Saturday, February 21, 2009

During

Back, way back in another lifetime I was a freelance illustrator. I concentrated on mostly natural science illustration for various publications and for Cornell faculty. At some point when I decided to take myself seriously I acquired a used desk/drafting table. It was one of those that has a nice movable wooden desk top and drawers on one side plus a tiltable liftable drafting table top on the other. I even had a drafting machine mounted to it. (Yup, pre CAD, pre computer). The top measured 40 by 60 and the desk about 36 by 50 so it was a substantial piece of equipment. That wonderful table accompanied me to every residence (I moved about every 2 years in those days), making sure it would fit before I decided to rent. Then when I bought this house and moved out here we trekked it in and pretty much built a room around it.

I have not been seriously painting or illustrating for some years now. First teaching and then knitting, spinning and designing knitwear seem to have nicely usurped those energies. So when we thought about modernizing the dye studio, making more room meant releasing my hold on the table. I wanted it to go to a good home that would continue to love it. I didn't want it junked. I hemmed and hawed but decided to be mature.  Once that decision was made it still took me a couple of weeks to actually list the table on Ithaca Freecycle. I listed it at 11:30am. 2.5 hours hours later there were at least 10 email replies. Each reply was then sent my general location and phone number. Roy and Celia were the first to say they would come. They asked for 4pm the very same day. Whew, that was so quick I hardly had time to adjust! However while emptying it out and cleaning it up I was able to make a fairly mature goodbye to a piece of rather nice history.

I mentioned that this was one substantial table. It weighed maybe 300 pounds. arghhh. As Jim reminded me, when we brought it in here he was 25 years younger and was the oldest of the 4 guys moving it. This move it was only Jim and Roy. We schlepped as much stuff out of the way and kept removing items from the table to make it not only lighter but inches smaller.

Ah yes, here we go into the Yarn Harlot moment.

Jim warned me that the door to the studio and maybe one moulding would need to come off.
Off came the door and one moulding. No maybe's about it. Then another moulding needed to come down.
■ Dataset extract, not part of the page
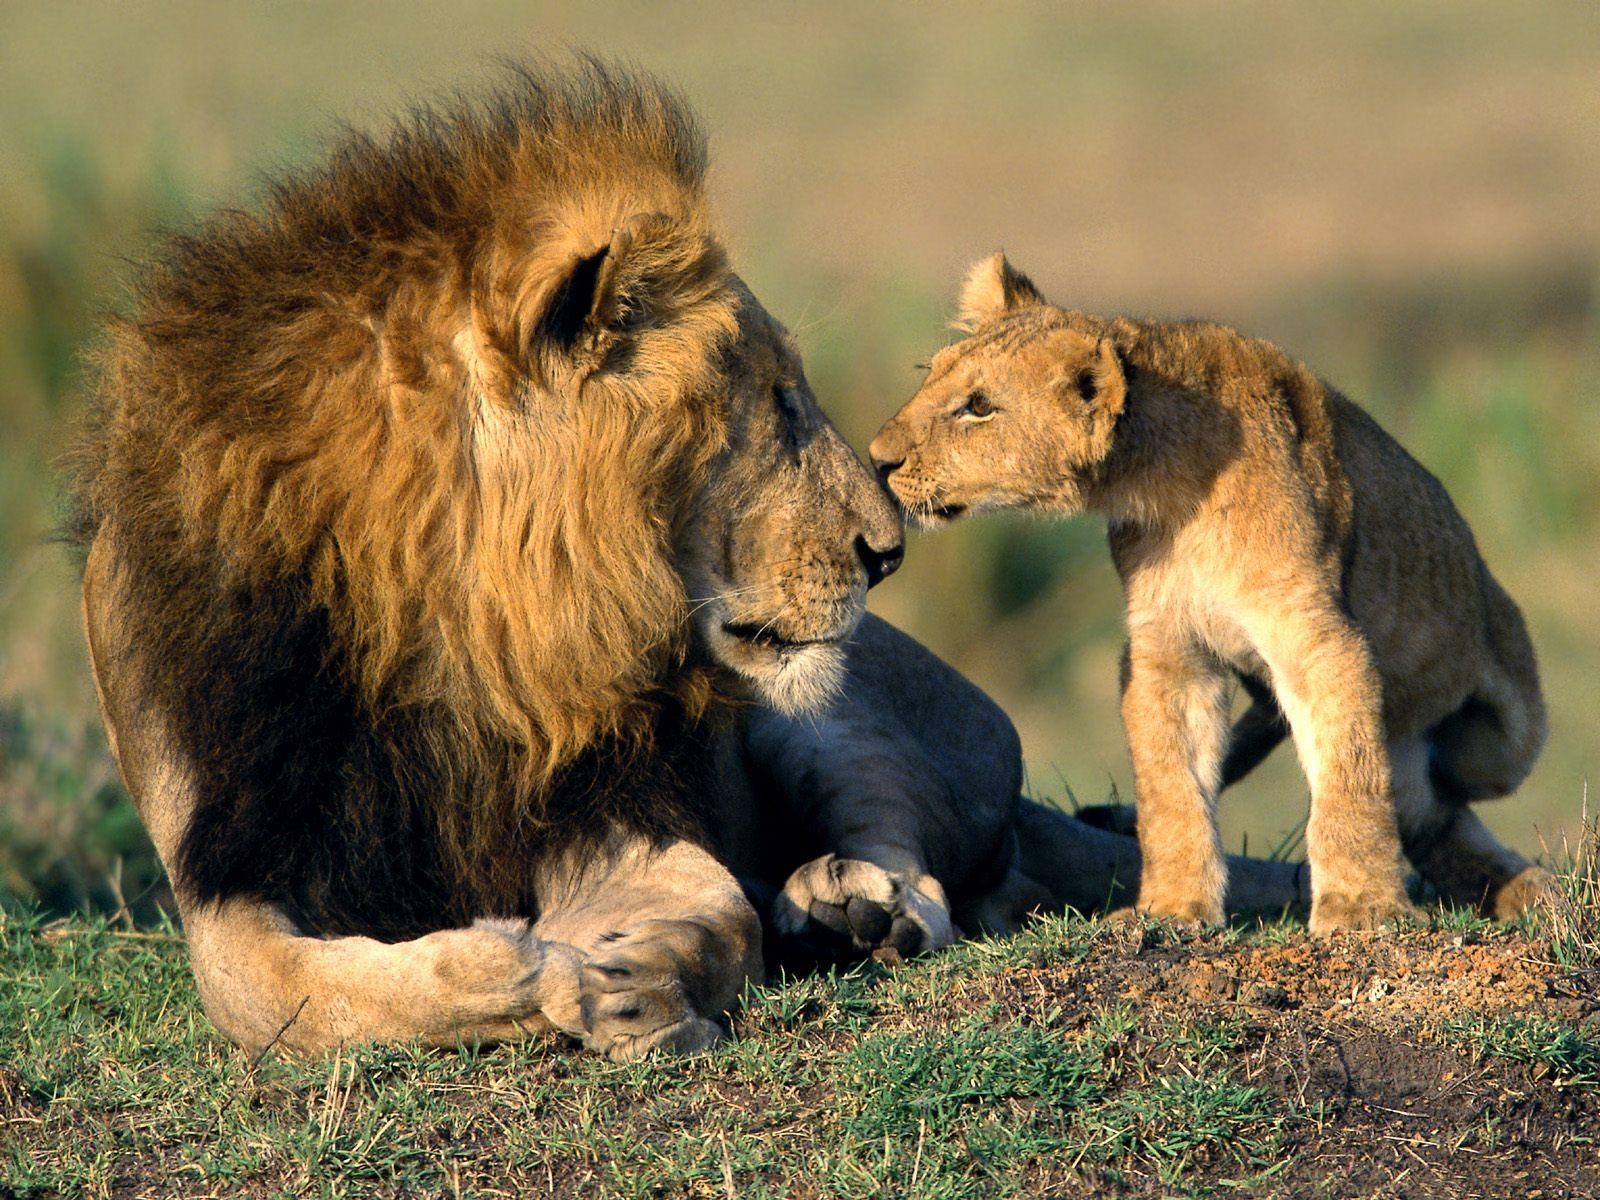 migliore carta da parati animale,animale terrestre,natura,leone,felidae,leone masai

OK not too bad, right? Maneuvering this item through the hall took several tries with the desk part going sideways, then on its side and lots of jockeying. Ooops, well it was too wide no matter what to fit through the door into the kitchen air lock. So off came another door.

OK now they put it onto a dolley and were almost out. Bunk. Bunk. They moved that sucker this way and that way, but finally a third door had to be removed.

It was already getting dark. It is winter. It is relatively cold. The house was missing 3 doors for most of an hour while the table and top were bumped up the steps, up a ramp into a truck bed and secured for the trip to its new home.

However its replacement shall not take near as long to be removed should we need to.




1 comment:

Anonymous said...

Reminds me of the time I gave away a 100 year old antique piano to four college guys. they had no idea what they were in for getting it out of my house and into their truck. That was fun.